In the past couple of months my internet connection has been failing me. Sometimes I cannot get on the internet, other times it is so slow I could take a shower while I wait for a page to be uploaded. Our Peace Corps tech person checked out my computer and pronounced it fine, saying the fault lies with my internet provider. Thus began my odyssey through customer ‘service’ at Orange.

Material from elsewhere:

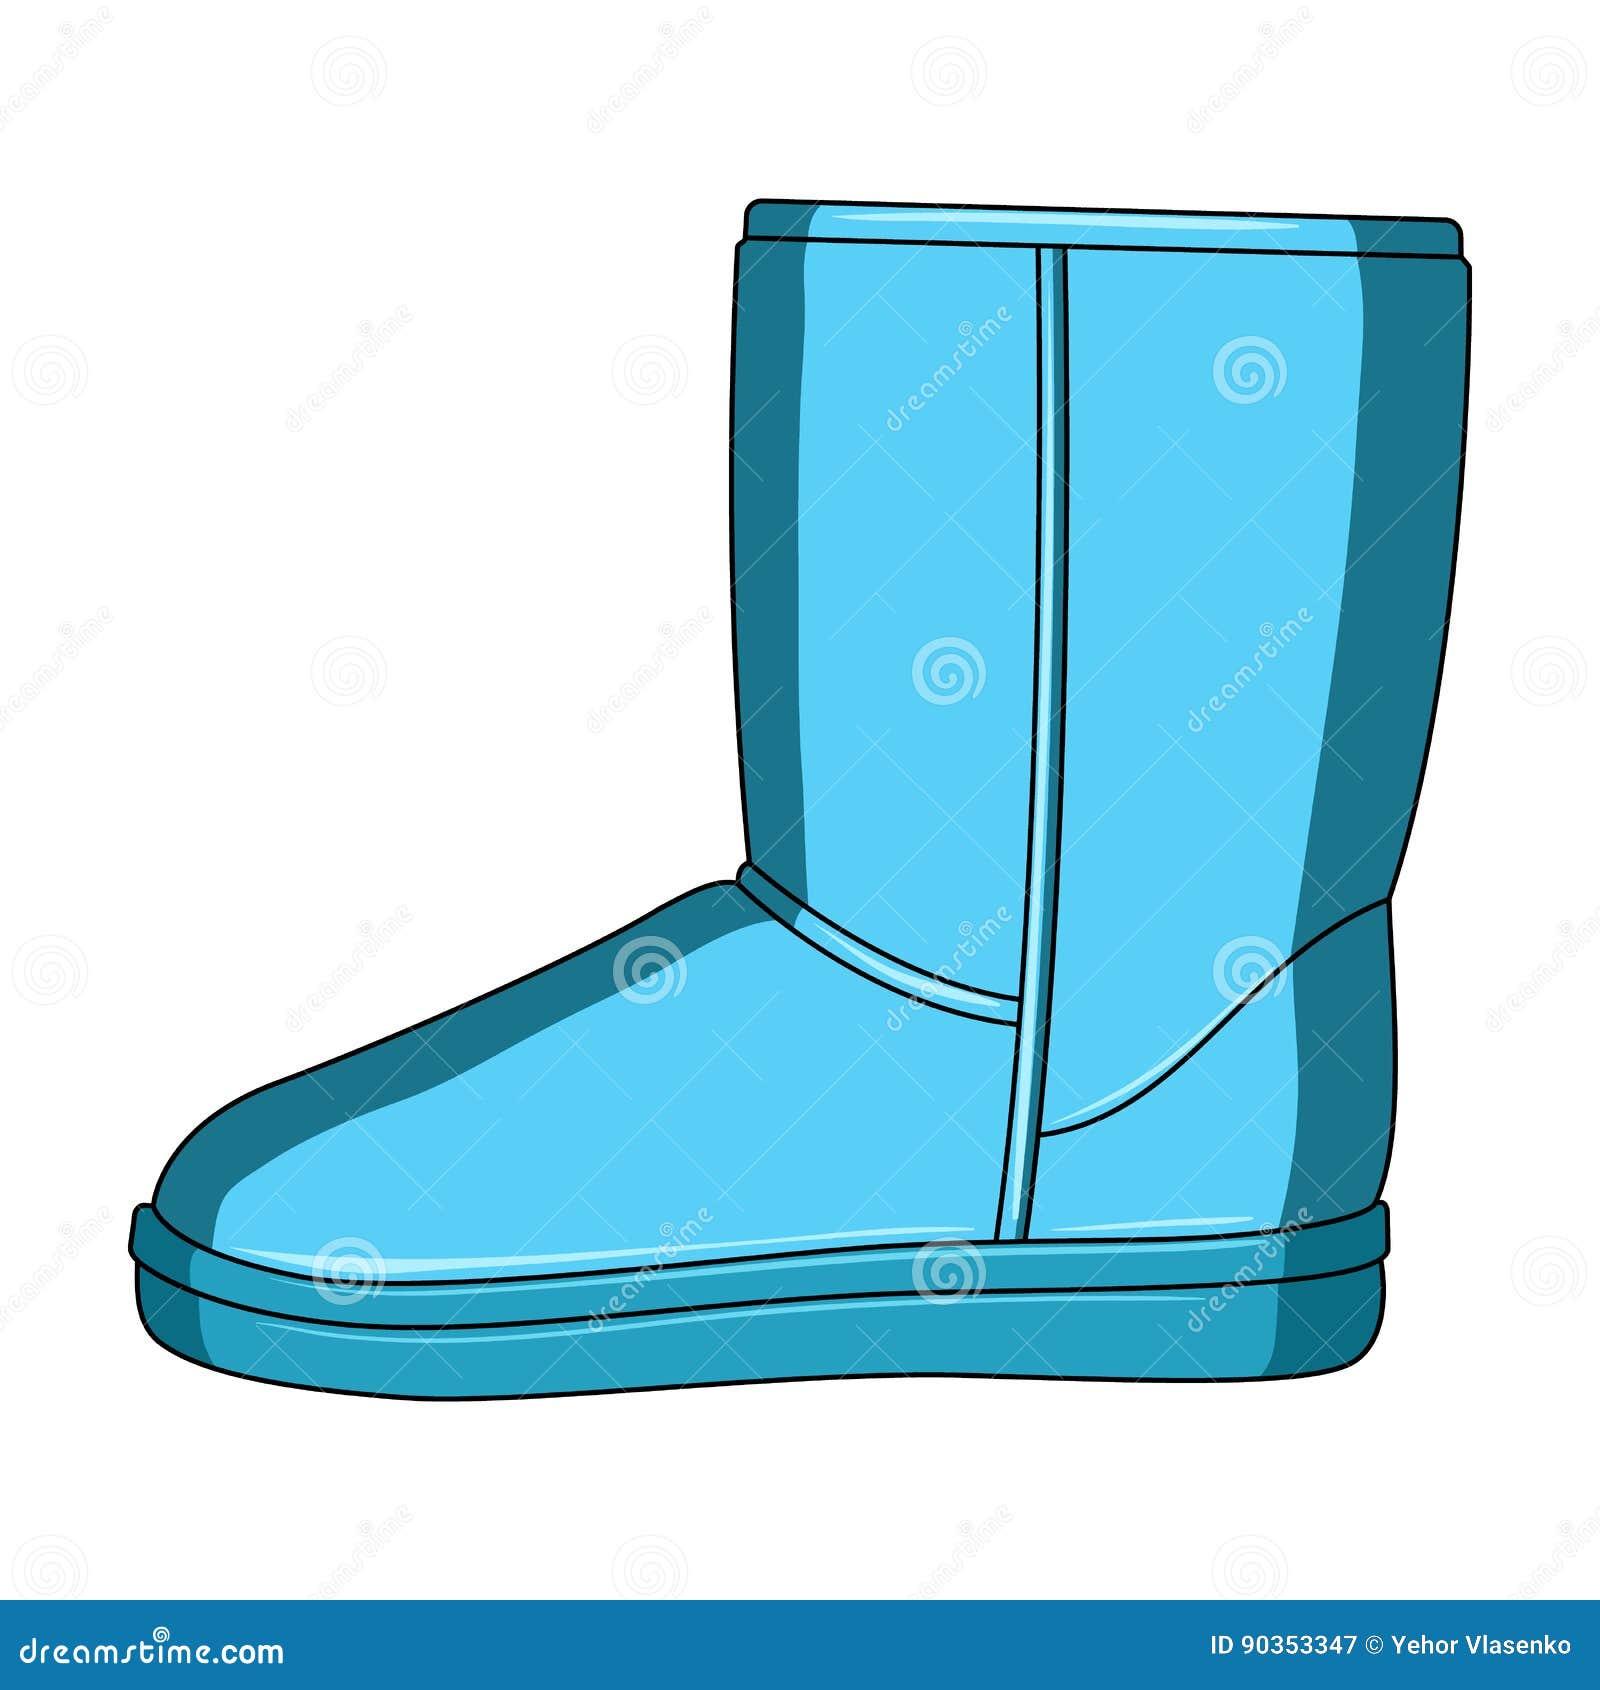 symbol vc5090 cold boot

I returned to the place where I bought the flybox—the Orange store at Game City Mall. I brought all my paperwork, my computer, and my flybox and arrived to find a sign saying “we will open at 9:30 today as we have a staff meeting.” Since the store is all windows, I sat and watched them have their staff meeting and was the first one in the door. Isho, a lovely young man, looked up all my paperwork, then proceeded to plug in my flybox and confirmed that yes, it was slow. “You have to take this to the bus rank office to have them test it,” he said. HUH? I pointed out that he had just tested it. Yes, he said, but I had to take it over there for them to test it to find out what was wrong. My inner ugly American began to surface. “This is not the way to do business,” I said. This is not my problem—I paid for a working flybox, it’s not my job to figure out why it doesn’t work.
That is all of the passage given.